The ability to use the Global Positioning System (GPS) to make accurate refractivity measurements under all weather conditions has led to the development of a promising new meteorological observing system for NOAA. The first and most mature application of ground-based GPS meteorology involves the measurement of integrated (total column) precipitable water vapor (IPW) in the atmosphere. The GPS-IPW technique is more advantageous than conventional water vapor observing systems because of its low-cost, high-measurement accuracy, all weather operability, and long-term measurement stability. Further, GPS-IPW requires no external calibration, operates unattended for long periods with high reliability, and is easily maintained. Since GPS-IPW measurements are compatible with satellite data retrievals, they provide an independent method for calibrating and validating global satellite observations.
These positive attributes, however, are accompanied with one major disadvantage: GPS-IPW provides no direct information about the vertical distribution of water vapor in the atmosphere. In an attempt to mitigate this deficiency, researchers at government laboratories and universities around the world are investigating the best ways to use GPS-IPW as a "proxy quantity" for moisture profiles in weather forecasting.
In this article we discuss how IPW is now calculated from GPS signal delays and the potential use of slant-path measurements in numerical weather prediction models. Preliminary results of the effect of GPS-IPW on numerical weather prediction, the demonstration network, data and product availability, and plans for the operational network are also described.
Calculating IPW from GPS Signal Delays
GPS signals are delayed as they pass through the Earth's atmosphere (Figure 1). The signal delay caused by the presence of free electrons in the ionosphere makes the largest contribution to the total atmospheric delay. Because the ionosphere is a dispersive medium, the velocity of the GPS signals is frequency dependent and its impact can be effectively eliminated by using dual frequency receivers.
Figure 1. Signal delays caused by the atmosphere.
Below the ionosphere, in the electrically neutral portion of the atmosphere, refraction (that is, slowing and bending) of the GPS signal is caused by changes in temperature, pressure, and water vapor. Most of this delay occurs in the troposphere, which extends from about 9 km at the poles to about 13 km at the equator. The primarily tropospheric delay consists of a hydrostatic (or dry) component caused by the mass of the atmosphere and a wet component (the wet delay) caused by the dipole moment of the water vapor molecule. The contributions of the wet and dry components of the tropospheric signal delay are in the same proportion as the wet and dry components of the atmosphere.
FSL currently collects GPS observations from a demonstration network of 55 sites (Figure 2) and processes them to produce IPW measurements every 30 minutes using the scheme shown in Figure 3.
Figure 2. A map of the NOAA-FSL Global Positioning System Integrated Precipitable Water (GPS-IPW) Demonstration Network (55 sites) as of October 1999.
Figure 3. The FSL-developed data processing scheme used to produce IPW measurements.
The first step in obtaining IPW from GPS observations is to determine the zenith-scaled delay caused by the neutral atmosphere.
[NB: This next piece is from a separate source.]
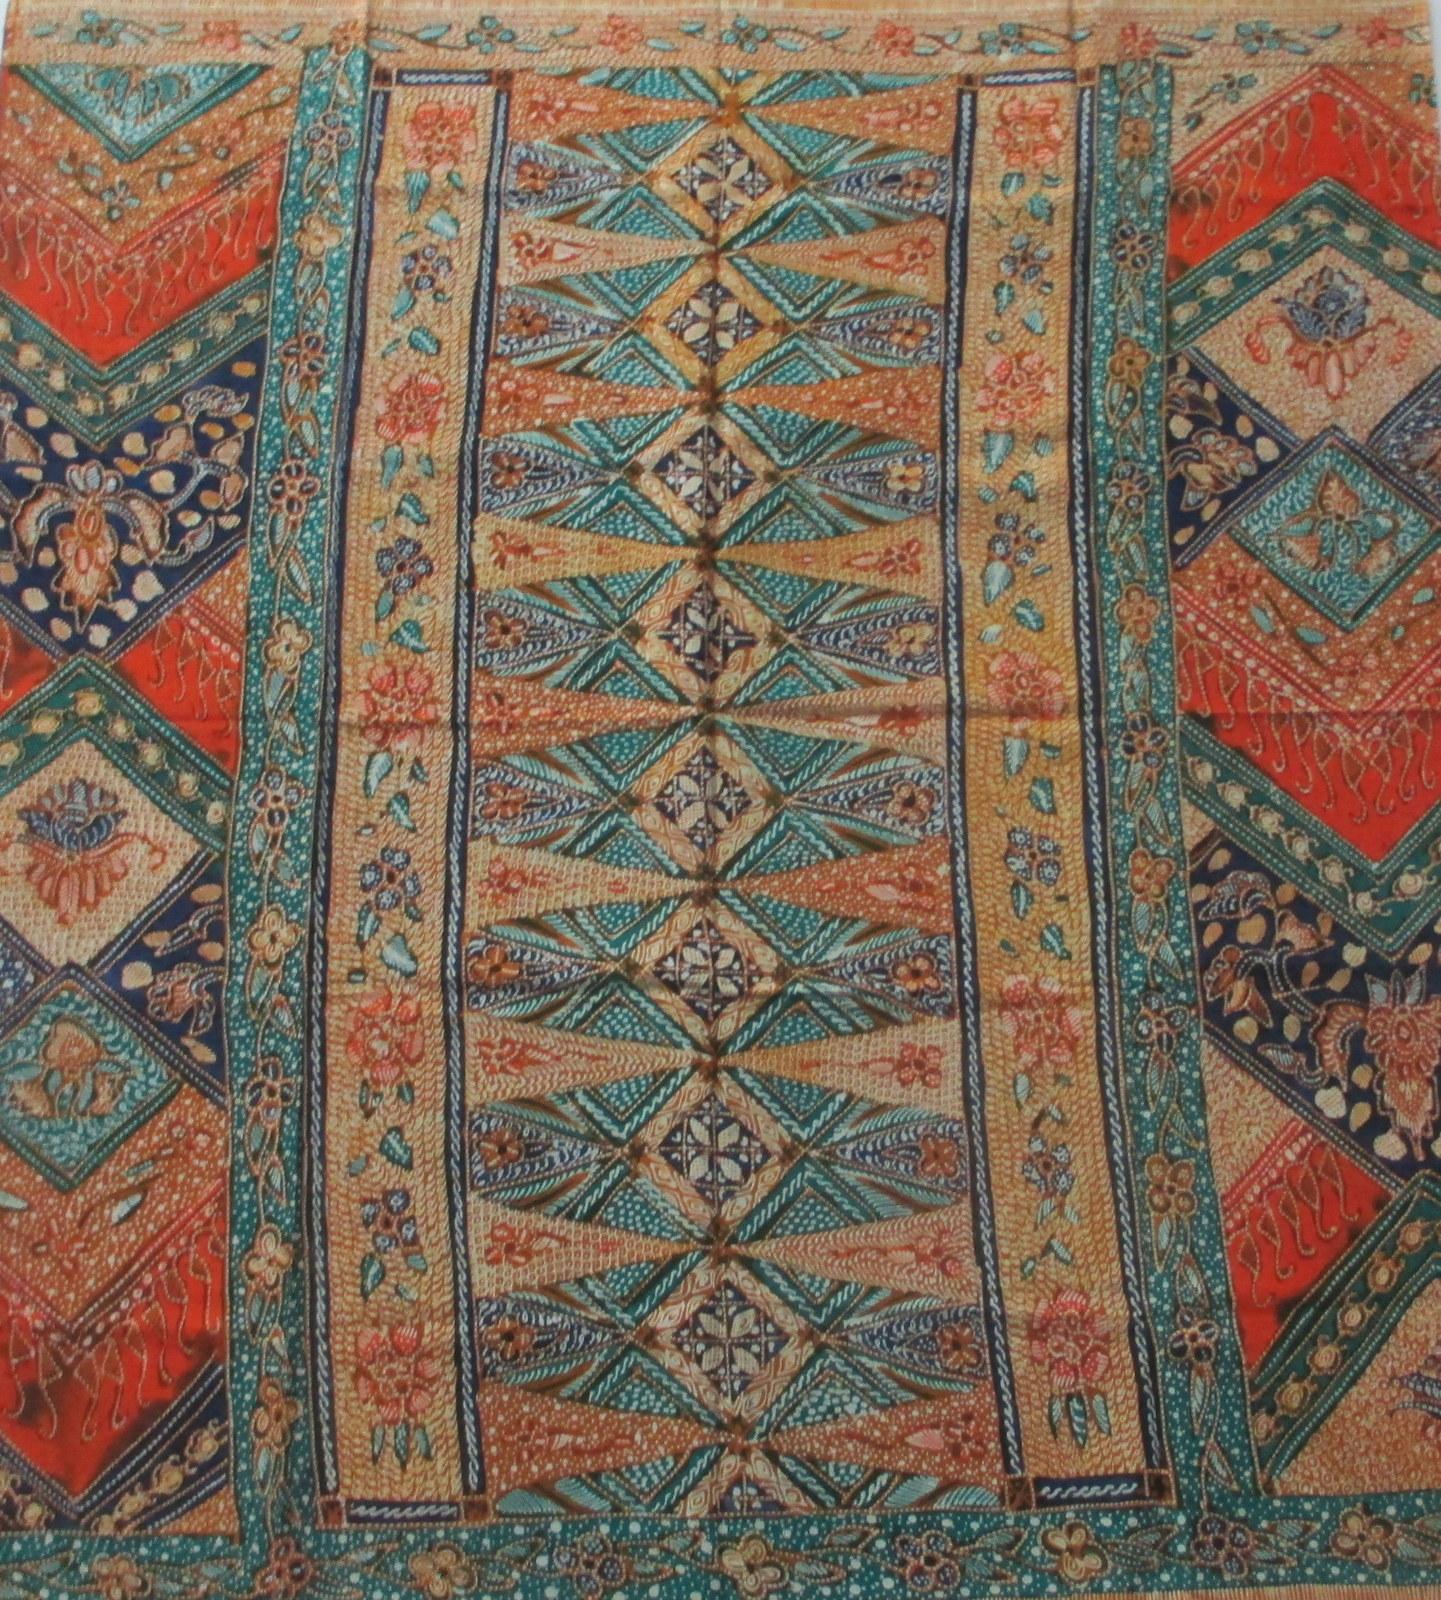 Jual Batik Tulis Pekalongan Klasik Wiradesa 16 Good Store Sarung Tokopedia

This delay is commonly referred to as the zenith tropospheric delay (ZTD), and is calculated from carrier phase and range observations made by networks of GPS receivers. The calculation is made using GPS analysis software such as GAMIT (GPS At MIT), which in addition to the GPS observations, requires improved satellite orbits and parameters describing the orientation of the Earth in space and time. Next, the ZTD is separated into its wet and dry components using additional observations made by collocated surface meteorological sensors. The zenith- scaled hydrostatic delay (ZHD) is caused by the mass of the atmosphere directly above the site and can be estimated with great accuracy from a surface pressure measurement. The wet signal delay (ZWP) is caused by water vapor along the paths of the radio signals to all satellites in view, about 6 to 8 with the current GPS satellite constellation.
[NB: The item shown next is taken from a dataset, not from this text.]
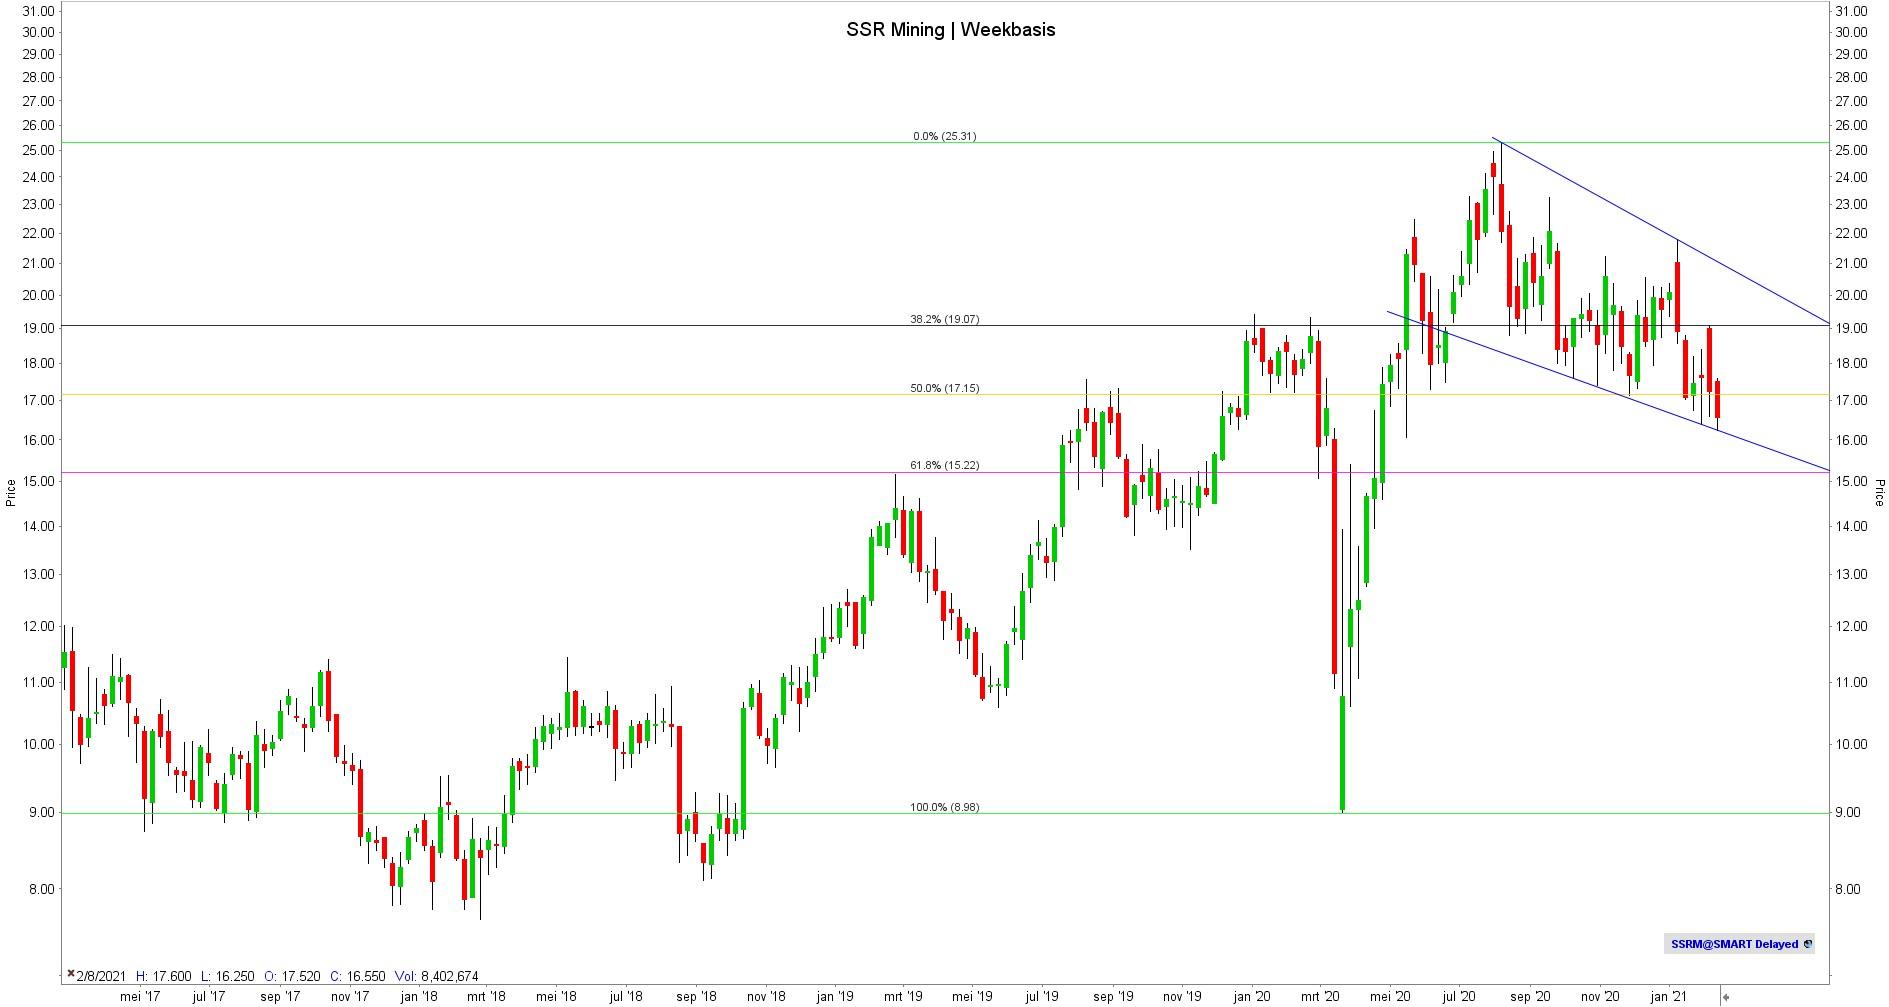 Aandeel SSR mining koers

ZWP is calculated simply by subtracting the hydrostatic delay from the tropospheric delay. The resulting wet delay can be mapped into IPW with an error of about 5 degrees using a quantity that is proportional to the mean vapor pressure-weighted temperature of the atmosphere (Tm). Tm may be estimated from a climate model, the surface temperature derived from a numerical weather prediction model, or measured directly using remote sensing techniques. FSL is planning to utilize model-derived Tm estimates operationally.
Integrated precipitable water calculated from GPS signal delays is physically identical to integrated measurements or retrievals made by other upper-air observing systems including rawinsondes, ground-based microwave water vapor radiometers, or satellite microwave and infrared instruments including sounders and interferometers. Comparisons of GPS and radiosonde-derived total column water vapor have been carried out continuously since 1996 under all weather conditions at the DOE Atmospheric Radiation Measurement site near Lamont, Oklahoma. Results from 3600 comparisons (to September 1999) indicate a mean difference of 0.08 mm and a standard deviation of 2.1 mm (Figure 4).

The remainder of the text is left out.